Court of Appeals of Mississippi

October 14, 2014

ROBERT FLOYD MCGUIRE A/K/A ROBERT MCGUIRE, APPELLANT
v.
STATE OF MISSISSIPPI, APPELLEE

COURT FROM WHICH APPEALED: RANKIN COUNTY CIRCUIT COURT. DATE OF JUDGMENT: 11/06/2012. TRIAL JUDGE: HON. JOHN HUEY EMFINGER. TRIAL COURT DISPOSITION: CONVICTED OF MURDER AND SENTENCED TO LIFE IMPRISONMENT.

FOR APPELLANT: OFFICE OF STATE PUBLIC DEFENDER, BY: W. DANIEL HINCHCLIFF.

FOR APPELLEE: OFFICE OF THE ATTORNEY GENERAL, BY: LISA L. BLOUNT.

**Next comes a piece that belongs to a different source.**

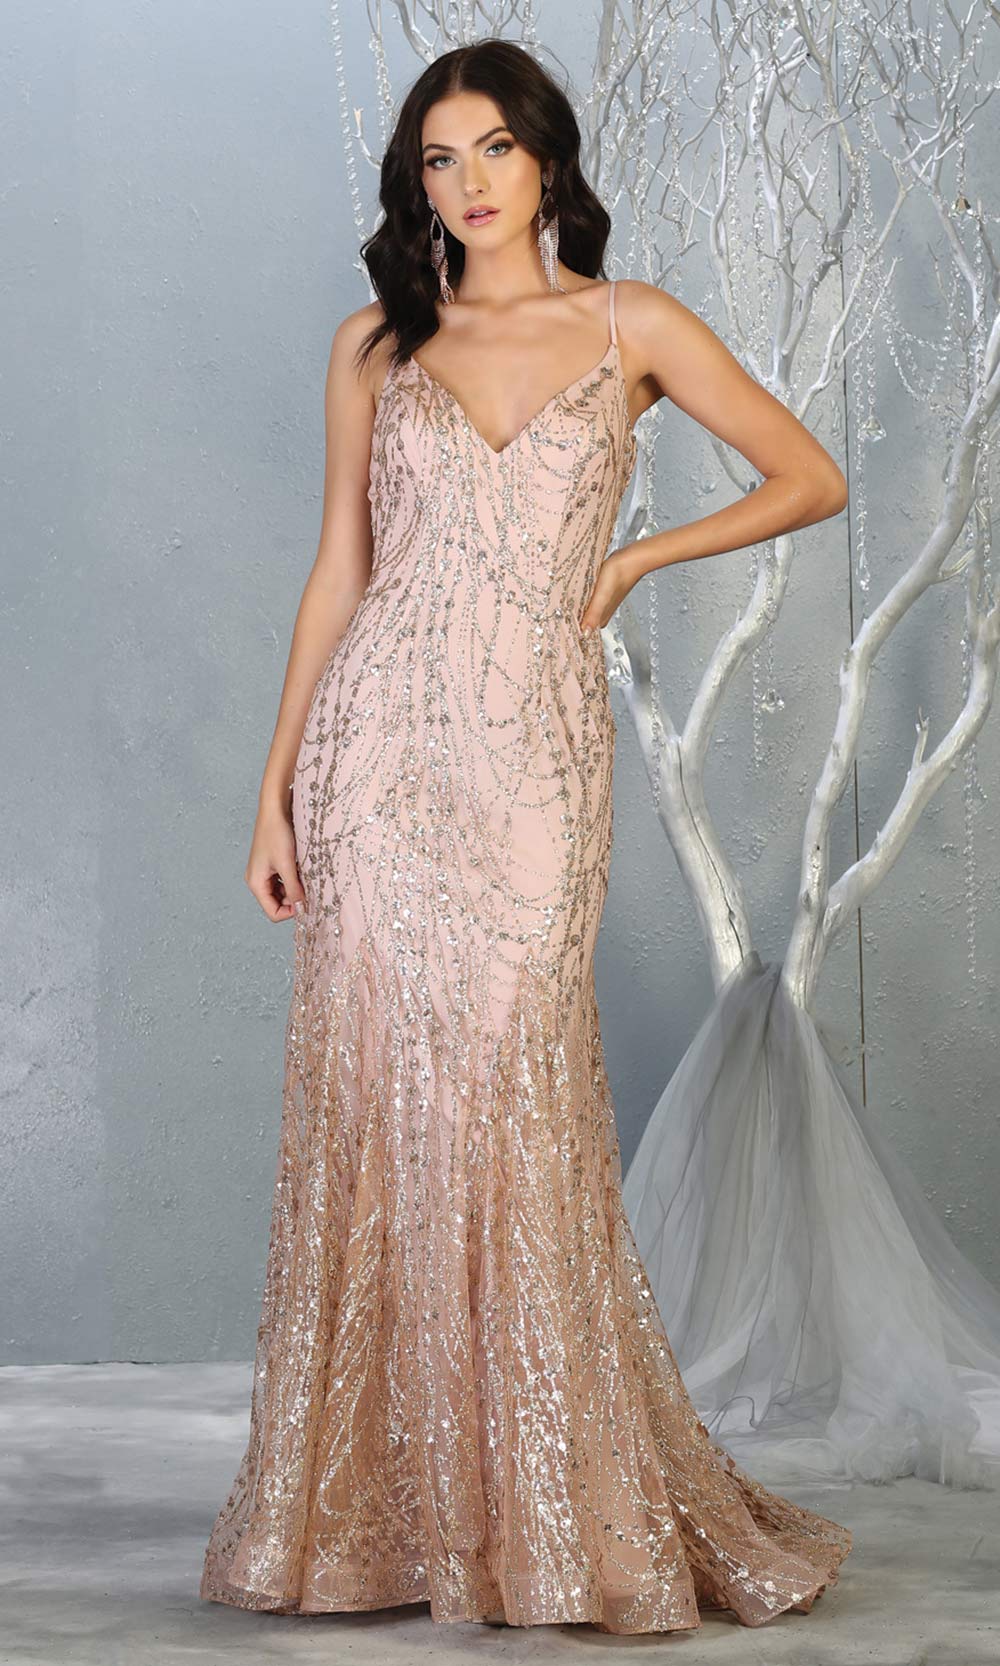 Mayqueen RQ7814 long rose gold v neck sexy fitted sequin dress w/straps. Full length rose gold gown is perfect for  enagagement/e-shoot dress, formal wedding guest, indowestern gown, evening party dress, prom, bridesmaid. Plus sizes avail.jpg

BEFORE LEE, C.J., ISHEE, ROBERTS AND JAMES, JJ. LEE, C.J., IRVING AND GRIFFIS, P.JJ., BARNES, ISHEE, CARLTON, FAIR AND JAMES, JJ., CONCUR. MAXWELL, J., CONCURS IN PART AND IN THE RESULT WITHOUT SEPARATE WRITTEN OPINION.

OPINION

Page 571

NATURE OF THE CASE: CRIMINAL - FELONY

ROBERTS, J.:

[¶1] Following trial in the Rankin County Circuit Court, a jury convicted Robert Floyd McGuire of the murder of Lynda Tate. McGuire, unsuccessful in his post-trial motions, filed the present appeal challenging the circuit court's admission of certain evidence, the denial of his peremptory instruction, and the denial of his motion for a new trial. Finding no error, we affirm McGuire's conviction and sentence.

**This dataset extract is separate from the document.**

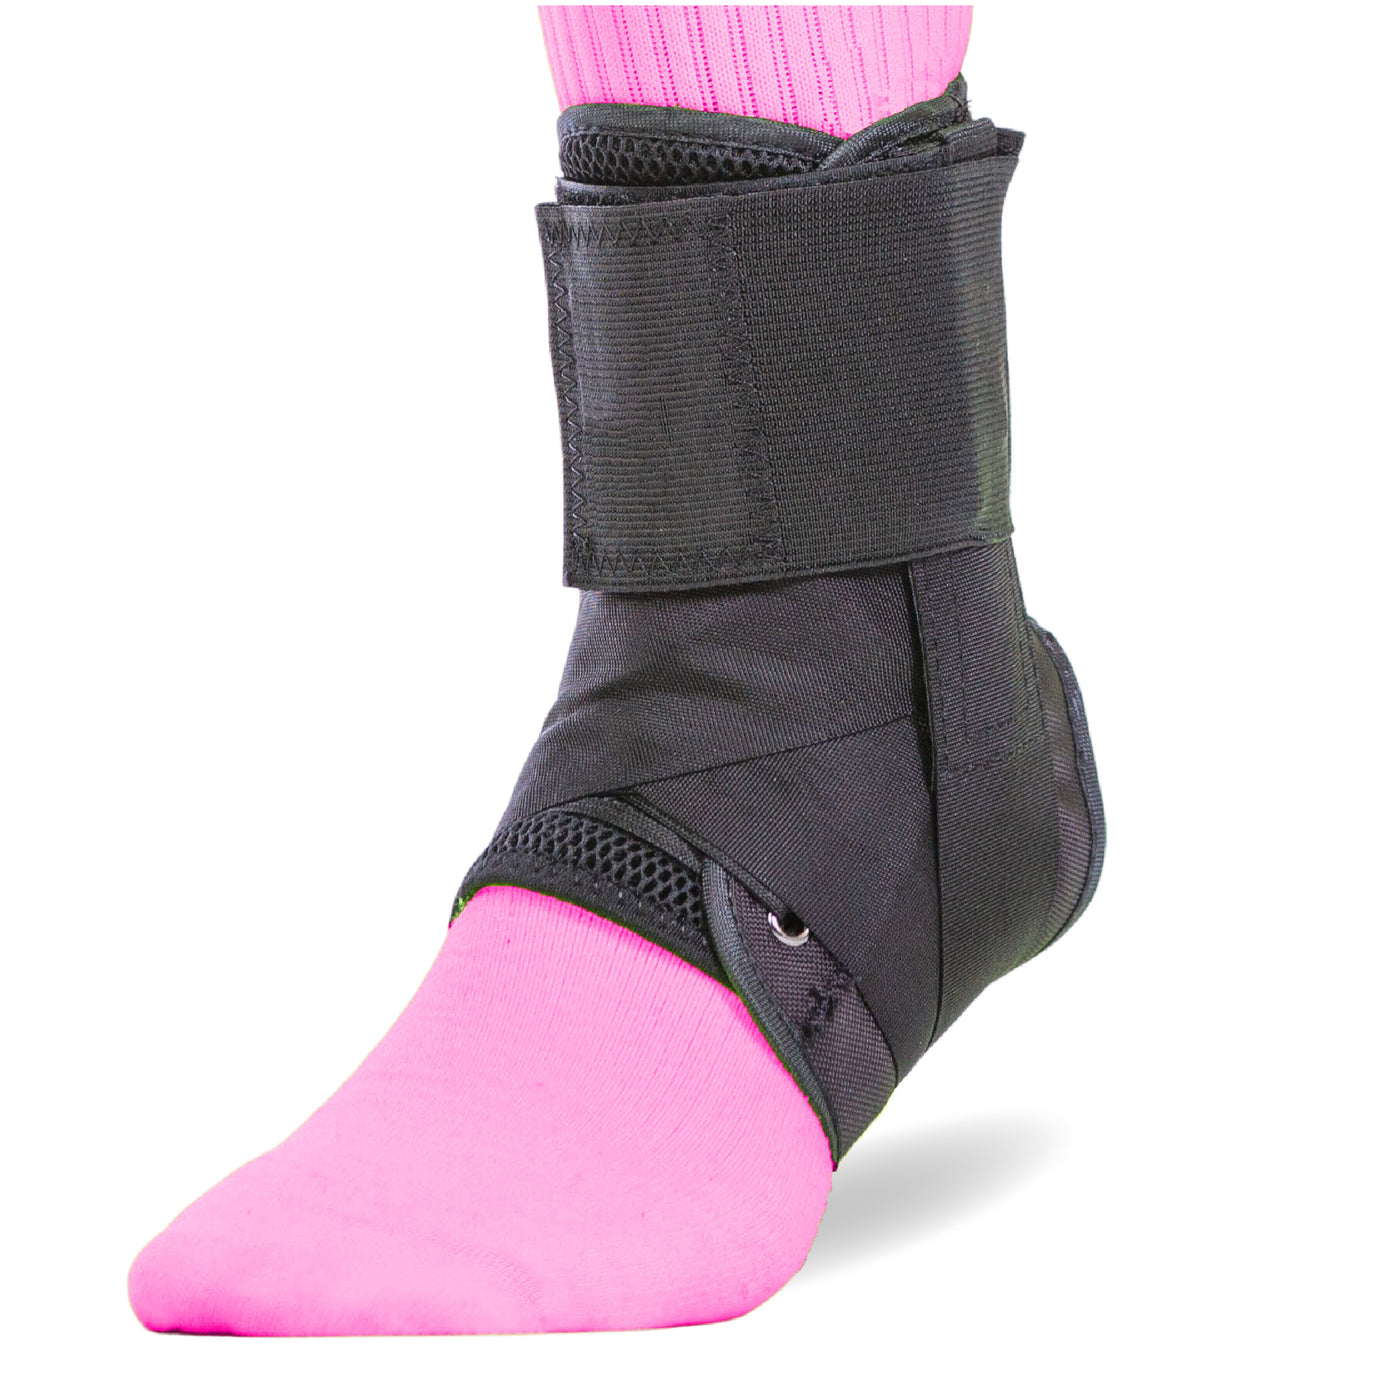 Wear a womens ankle brace to prevent rolled ankles during sports or around the house hide_on_site

FACTS AND PROCEDURAL HISTORY

[¶2] On the evening of December 3, 2011, John Santistevan was at his home in Rankin County when McGuire, his next-door neighbor, knocked on his door. McGuire asked Santistevan to call 911 because he had just shot his girlfriend, Lynda Tate, at their home.[1] When emergency officials arrived, they discovered Tate, deceased in a chair in her living room, with a gunshot wound to her head.

[¶3] At trial, McGuire admitted he had been drinking alcohol that day, that Tate had to pick him up earlier, so he could avoid getting a DUI, and that Tate wanted

Page 572

him to quit drinking. He explained that after they arrived home, he went to account for his guns after having concerns he had left one in their recreational vehicle. He found the .45-caliber Hi Point pistol in their bedside-table drawer, and he took it out of the holster because he thought about cleaning it. Still holding the pistol, McGuire leaned in to give Tate a kiss on the cheek/ear lobe. He stated that the hand holding the pistol was placed on the back of the chair. McGuire said Tate swatted at him with her hand, as if to shoo him away, and the gun then inexplicably discharged. McGuire testified that he loved Tate and never intended to shoot her.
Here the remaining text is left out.